● **Your task**:
Word for word, copy the lines from the one with "Стойка для одежды" to the last line of the data below, counting both, and keep every picture out.

● **Data segment**:
══════════════════════════════

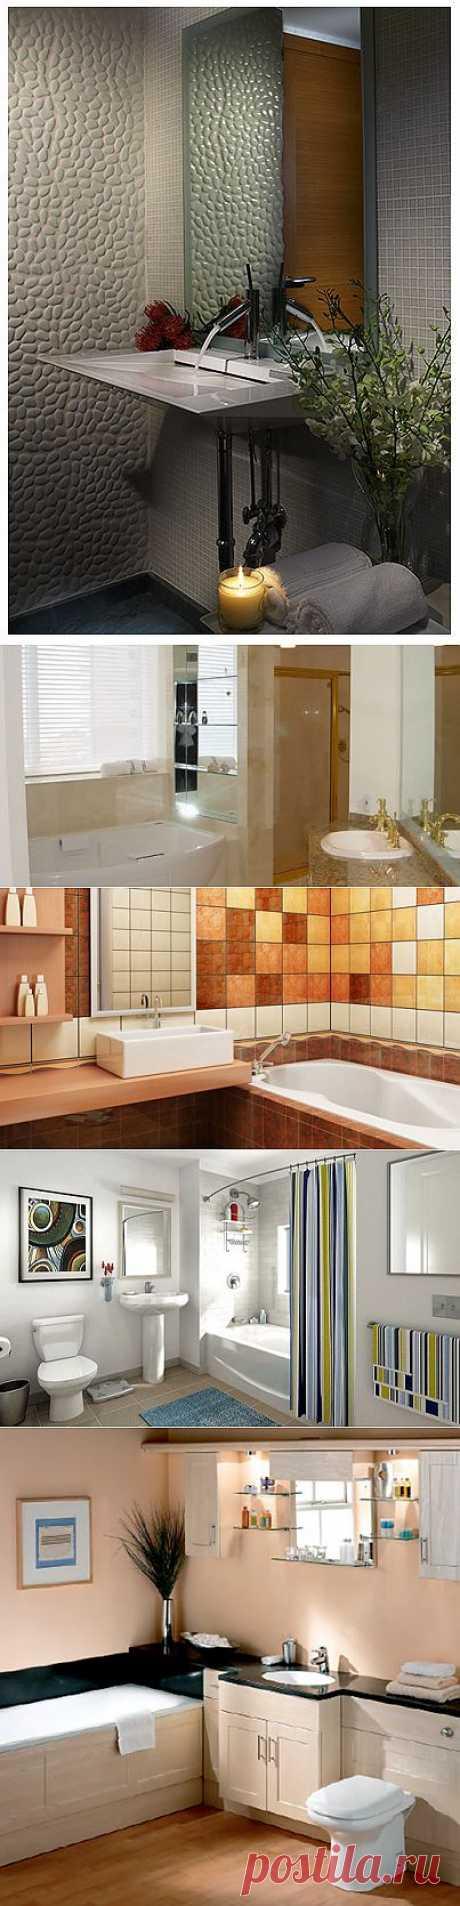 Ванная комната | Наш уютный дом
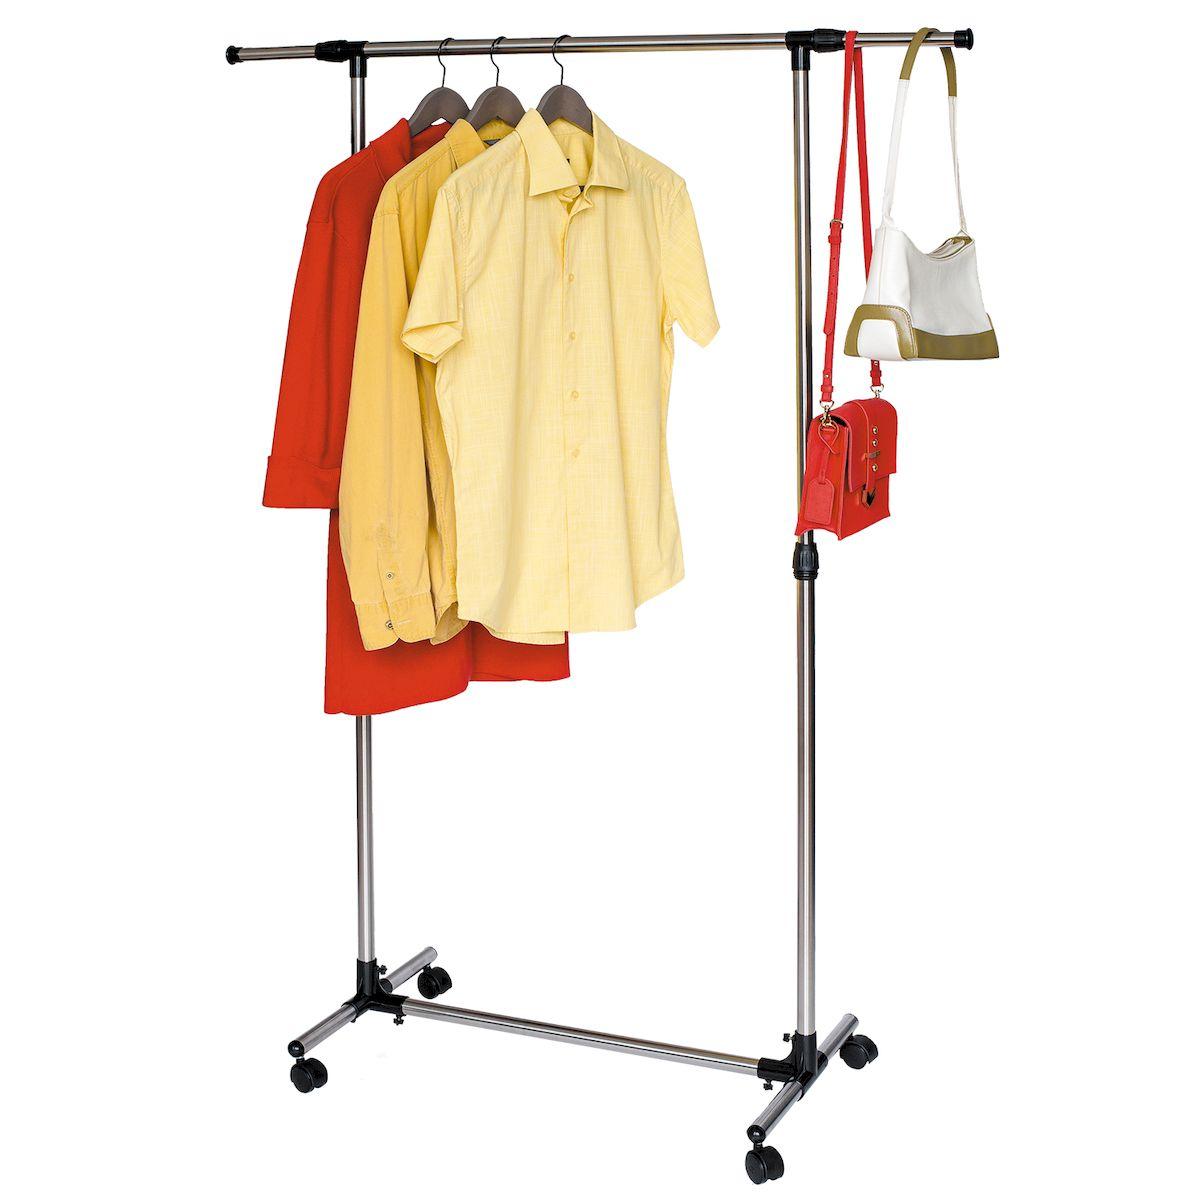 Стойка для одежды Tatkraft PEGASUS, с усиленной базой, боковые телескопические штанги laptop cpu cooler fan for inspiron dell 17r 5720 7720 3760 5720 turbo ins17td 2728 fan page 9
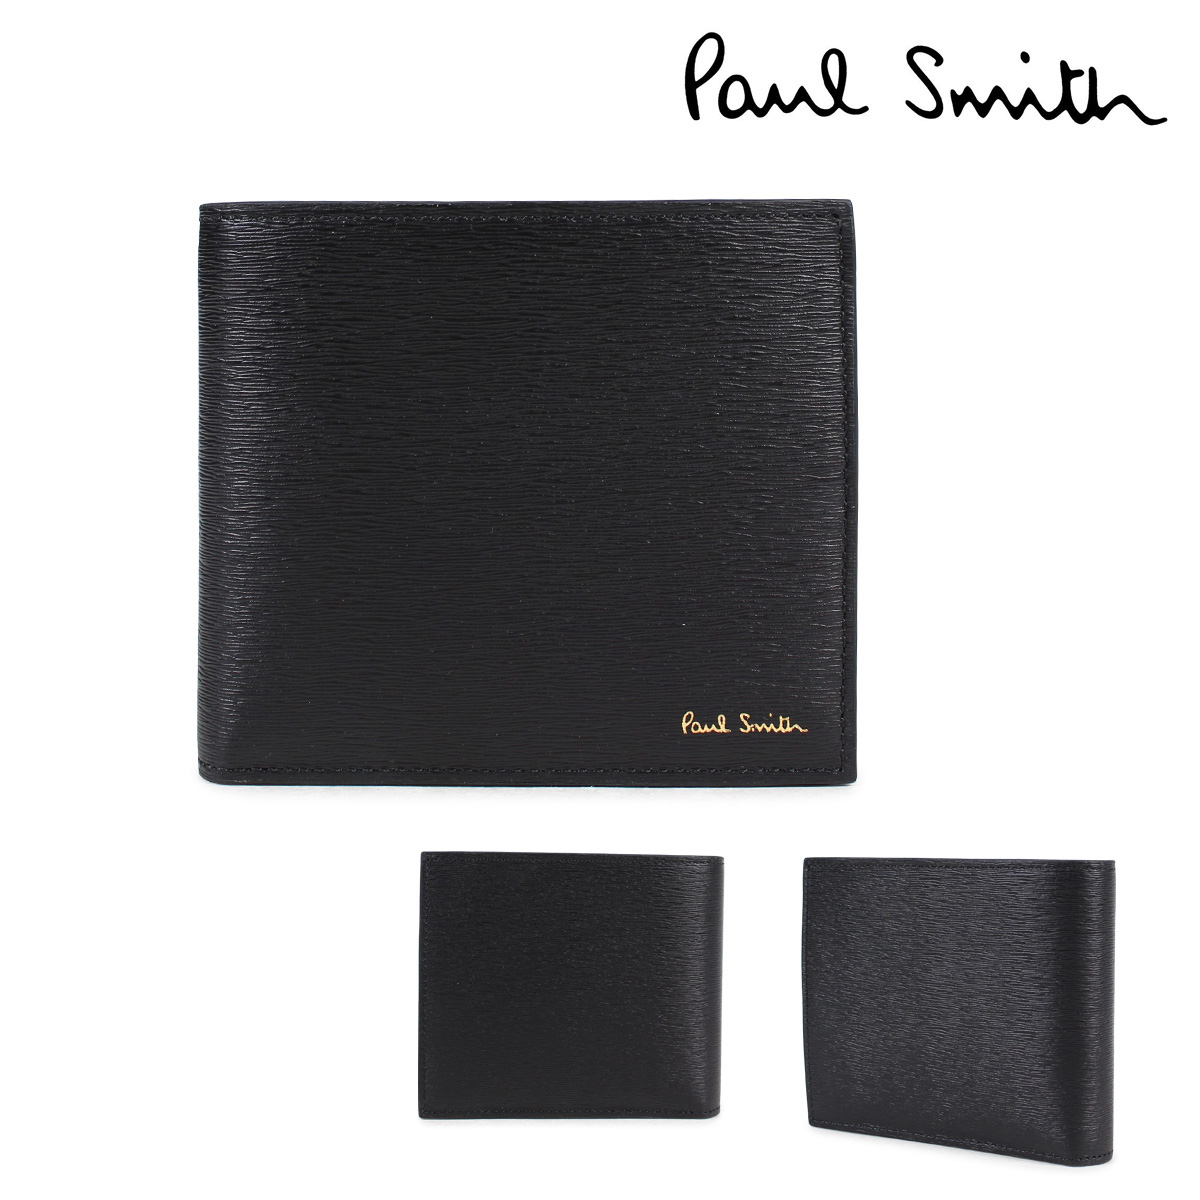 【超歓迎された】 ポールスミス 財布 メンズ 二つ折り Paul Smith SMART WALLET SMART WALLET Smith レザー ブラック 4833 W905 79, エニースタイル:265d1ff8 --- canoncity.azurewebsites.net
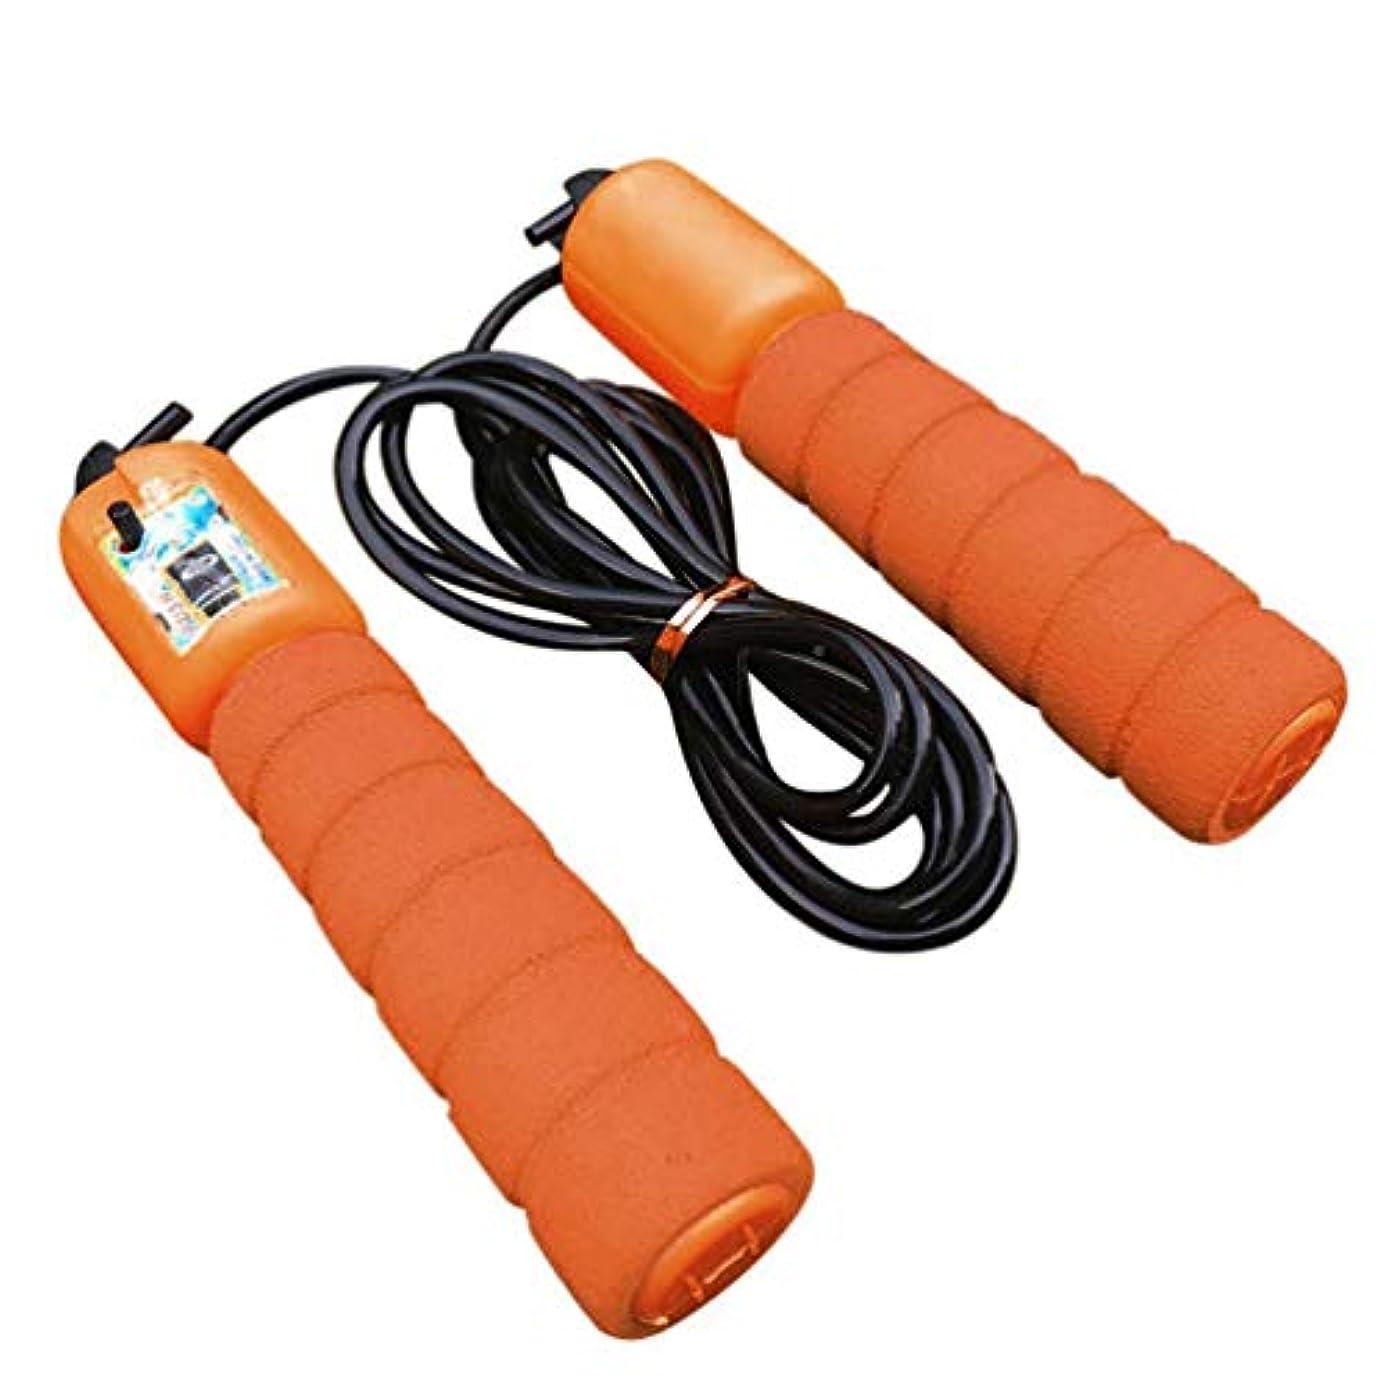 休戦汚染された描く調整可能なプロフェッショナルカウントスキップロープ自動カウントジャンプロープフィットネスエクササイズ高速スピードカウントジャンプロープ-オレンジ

══════════════════════════════

● **Expected answer**:
 Стойка для одежды Tatkraft PEGASUS, с усиленной базой, боковые телескопические штанги laptop cpu cooler fan for inspiron dell 17r 5720 7720 3760 5720 turbo ins17td 2728 fan page 9
 【超歓迎された】 ポールスミス 財布 メンズ 二つ折り Paul Smith SMART WALLET SMART WALLET Smith レザー ブラック 4833 W905 79, エニースタイル:265d1ff8 --- canoncity.azurewebsites.net
 休戦汚染された描く調整可能なプロフェッショナルカウントスキップロープ自動カウントジャンプロープフィットネスエクササイズ高速スピードカウントジャンプロープ-オレンジ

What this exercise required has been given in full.